| Task directions |
Transcribe the stretch of entries below from the line with "OUTRIGGER (LEGS AND" through the line with "Presented by 音色　真之介＆石川マリー", exactly and with both ends included; leave out all other lines.

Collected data

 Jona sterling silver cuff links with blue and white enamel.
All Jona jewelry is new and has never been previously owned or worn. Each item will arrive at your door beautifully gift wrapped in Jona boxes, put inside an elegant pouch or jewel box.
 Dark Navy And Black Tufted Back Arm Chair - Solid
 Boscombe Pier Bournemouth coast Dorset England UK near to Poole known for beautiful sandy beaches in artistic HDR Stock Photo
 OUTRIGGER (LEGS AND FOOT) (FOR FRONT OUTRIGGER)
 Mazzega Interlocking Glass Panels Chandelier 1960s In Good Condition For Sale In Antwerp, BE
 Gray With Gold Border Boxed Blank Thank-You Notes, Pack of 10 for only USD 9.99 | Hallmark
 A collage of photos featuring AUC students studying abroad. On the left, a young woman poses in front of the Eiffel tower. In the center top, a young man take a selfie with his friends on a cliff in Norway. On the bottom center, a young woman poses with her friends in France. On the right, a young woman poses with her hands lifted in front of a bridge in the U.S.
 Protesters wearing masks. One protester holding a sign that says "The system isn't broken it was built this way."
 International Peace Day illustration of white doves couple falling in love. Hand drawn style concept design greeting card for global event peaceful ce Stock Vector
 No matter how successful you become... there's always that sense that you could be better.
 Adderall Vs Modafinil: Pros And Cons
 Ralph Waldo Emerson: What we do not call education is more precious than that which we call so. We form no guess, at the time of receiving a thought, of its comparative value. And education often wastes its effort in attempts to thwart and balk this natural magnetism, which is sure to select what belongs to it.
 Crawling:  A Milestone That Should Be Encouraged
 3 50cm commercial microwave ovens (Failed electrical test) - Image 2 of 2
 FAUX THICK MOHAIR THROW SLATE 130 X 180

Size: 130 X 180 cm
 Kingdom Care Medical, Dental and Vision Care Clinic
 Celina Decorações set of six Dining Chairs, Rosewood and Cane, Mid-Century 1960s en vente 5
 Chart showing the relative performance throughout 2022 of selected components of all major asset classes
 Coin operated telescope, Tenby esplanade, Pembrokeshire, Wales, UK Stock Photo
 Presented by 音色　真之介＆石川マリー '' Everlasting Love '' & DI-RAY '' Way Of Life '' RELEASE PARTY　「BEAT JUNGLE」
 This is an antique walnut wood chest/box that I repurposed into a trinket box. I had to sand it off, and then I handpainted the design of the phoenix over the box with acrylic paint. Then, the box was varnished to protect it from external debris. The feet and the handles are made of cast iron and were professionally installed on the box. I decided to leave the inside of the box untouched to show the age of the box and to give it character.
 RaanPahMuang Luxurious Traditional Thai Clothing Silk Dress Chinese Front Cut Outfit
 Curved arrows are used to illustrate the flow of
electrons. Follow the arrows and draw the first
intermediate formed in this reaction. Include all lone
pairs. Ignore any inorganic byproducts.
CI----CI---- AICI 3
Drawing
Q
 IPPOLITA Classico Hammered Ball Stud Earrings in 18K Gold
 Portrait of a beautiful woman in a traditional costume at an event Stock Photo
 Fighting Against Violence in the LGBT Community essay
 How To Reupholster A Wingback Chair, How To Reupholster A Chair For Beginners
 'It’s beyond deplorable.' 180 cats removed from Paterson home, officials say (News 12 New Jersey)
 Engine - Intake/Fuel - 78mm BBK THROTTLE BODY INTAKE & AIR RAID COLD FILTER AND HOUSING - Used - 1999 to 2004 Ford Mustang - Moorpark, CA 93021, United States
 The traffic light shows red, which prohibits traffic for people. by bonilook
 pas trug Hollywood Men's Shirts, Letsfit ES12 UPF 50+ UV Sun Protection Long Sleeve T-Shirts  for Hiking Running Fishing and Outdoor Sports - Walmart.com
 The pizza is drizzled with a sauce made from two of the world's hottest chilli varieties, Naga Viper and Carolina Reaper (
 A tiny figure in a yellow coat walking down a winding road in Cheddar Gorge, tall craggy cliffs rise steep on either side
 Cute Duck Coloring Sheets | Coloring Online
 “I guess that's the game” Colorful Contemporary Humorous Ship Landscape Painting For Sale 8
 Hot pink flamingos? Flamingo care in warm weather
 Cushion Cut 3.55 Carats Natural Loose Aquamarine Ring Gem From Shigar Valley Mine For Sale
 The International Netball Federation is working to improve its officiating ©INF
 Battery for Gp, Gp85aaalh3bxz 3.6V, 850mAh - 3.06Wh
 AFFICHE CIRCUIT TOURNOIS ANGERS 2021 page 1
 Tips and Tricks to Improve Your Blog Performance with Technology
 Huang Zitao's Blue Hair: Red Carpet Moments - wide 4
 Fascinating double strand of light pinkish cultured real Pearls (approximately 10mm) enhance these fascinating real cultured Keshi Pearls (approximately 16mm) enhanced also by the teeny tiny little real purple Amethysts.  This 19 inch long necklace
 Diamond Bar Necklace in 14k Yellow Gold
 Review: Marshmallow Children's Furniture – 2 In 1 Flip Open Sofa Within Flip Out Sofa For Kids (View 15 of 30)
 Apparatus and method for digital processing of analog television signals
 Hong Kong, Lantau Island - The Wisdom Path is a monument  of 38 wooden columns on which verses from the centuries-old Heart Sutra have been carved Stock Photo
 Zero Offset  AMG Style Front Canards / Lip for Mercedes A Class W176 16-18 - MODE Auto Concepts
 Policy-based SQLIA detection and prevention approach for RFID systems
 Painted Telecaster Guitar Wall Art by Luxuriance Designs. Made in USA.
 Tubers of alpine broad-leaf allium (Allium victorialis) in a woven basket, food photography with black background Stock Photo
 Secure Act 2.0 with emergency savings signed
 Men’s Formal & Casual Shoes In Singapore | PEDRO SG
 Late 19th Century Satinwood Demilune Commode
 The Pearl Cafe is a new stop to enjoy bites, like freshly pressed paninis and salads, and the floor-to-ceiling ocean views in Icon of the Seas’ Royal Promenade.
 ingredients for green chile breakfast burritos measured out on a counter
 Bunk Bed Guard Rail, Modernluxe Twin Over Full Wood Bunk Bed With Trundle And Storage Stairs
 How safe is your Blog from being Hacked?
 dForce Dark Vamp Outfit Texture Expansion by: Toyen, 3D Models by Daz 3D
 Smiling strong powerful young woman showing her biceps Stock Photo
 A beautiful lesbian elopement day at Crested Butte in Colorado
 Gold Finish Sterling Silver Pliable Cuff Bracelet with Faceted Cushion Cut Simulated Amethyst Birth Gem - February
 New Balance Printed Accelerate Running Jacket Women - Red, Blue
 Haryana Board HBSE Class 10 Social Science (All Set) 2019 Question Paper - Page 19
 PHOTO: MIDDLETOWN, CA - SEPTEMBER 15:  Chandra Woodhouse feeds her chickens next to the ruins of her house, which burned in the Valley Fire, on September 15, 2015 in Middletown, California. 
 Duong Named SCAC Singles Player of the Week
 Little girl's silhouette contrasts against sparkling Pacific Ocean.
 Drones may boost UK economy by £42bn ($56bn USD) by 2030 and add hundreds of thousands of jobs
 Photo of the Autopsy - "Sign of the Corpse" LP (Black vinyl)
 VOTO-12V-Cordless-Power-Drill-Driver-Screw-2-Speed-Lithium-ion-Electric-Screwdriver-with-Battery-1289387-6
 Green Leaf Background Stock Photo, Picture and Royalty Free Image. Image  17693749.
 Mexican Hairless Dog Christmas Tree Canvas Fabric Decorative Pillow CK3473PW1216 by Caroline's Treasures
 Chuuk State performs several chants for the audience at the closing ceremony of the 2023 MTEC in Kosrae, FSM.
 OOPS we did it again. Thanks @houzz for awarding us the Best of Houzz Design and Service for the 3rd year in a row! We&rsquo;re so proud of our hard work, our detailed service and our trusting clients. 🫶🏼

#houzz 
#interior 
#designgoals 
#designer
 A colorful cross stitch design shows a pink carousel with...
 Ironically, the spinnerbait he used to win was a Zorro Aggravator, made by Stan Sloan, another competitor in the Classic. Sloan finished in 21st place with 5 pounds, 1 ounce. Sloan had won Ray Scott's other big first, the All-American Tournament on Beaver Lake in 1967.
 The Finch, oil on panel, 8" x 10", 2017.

| Task answer |
 OUTRIGGER (LEGS AND FOOT) (FOR FRONT OUTRIGGER)
 Mazzega Interlocking Glass Panels Chandelier 1960s In Good Condition For Sale In Antwerp, BE
 Gray With Gold Border Boxed Blank Thank-You Notes, Pack of 10 for only USD 9.99 | Hallmark
 A collage of photos featuring AUC students studying abroad. On the left, a young woman poses in front of the Eiffel tower. In the center top, a young man take a selfie with his friends on a cliff in Norway. On the bottom center, a young woman poses with her friends in France. On the right, a young woman poses with her hands lifted in front of a bridge in the U.S.
 Protesters wearing masks. One protester holding a sign that says "The system isn't broken it was built this way."
 International Peace Day illustration of white doves couple falling in love. Hand drawn style concept design greeting card for global event peaceful ce Stock Vector
 No matter how successful you become... there's always that sense that you could be better.
 Adderall Vs Modafinil: Pros And Cons
 Ralph Waldo Emerson: What we do not call education is more precious than that which we call so. We form no guess, at the time of receiving a thought, of its comparative value. And education often wastes its effort in attempts to thwart and balk this natural magnetism, which is sure to select what belongs to it.
 Crawling:  A Milestone That Should Be Encouraged
 3 50cm commercial microwave ovens (Failed electrical test) - Image 2 of 2
 FAUX THICK MOHAIR THROW SLATE 130 X 180

Size: 130 X 180 cm
 Kingdom Care Medical, Dental and Vision Care Clinic
 Celina Decorações set of six Dining Chairs, Rosewood and Cane, Mid-Century 1960s en vente 5
 Chart showing the relative performance throughout 2022 of selected components of all major asset classes
 Coin operated telescope, Tenby esplanade, Pembrokeshire, Wales, UK Stock Photo
 Presented by 音色　真之介＆石川マリー '' Everlasting Love '' & DI-RAY '' Way Of Life '' RELEASE PARTY　「BEAT JUNGLE」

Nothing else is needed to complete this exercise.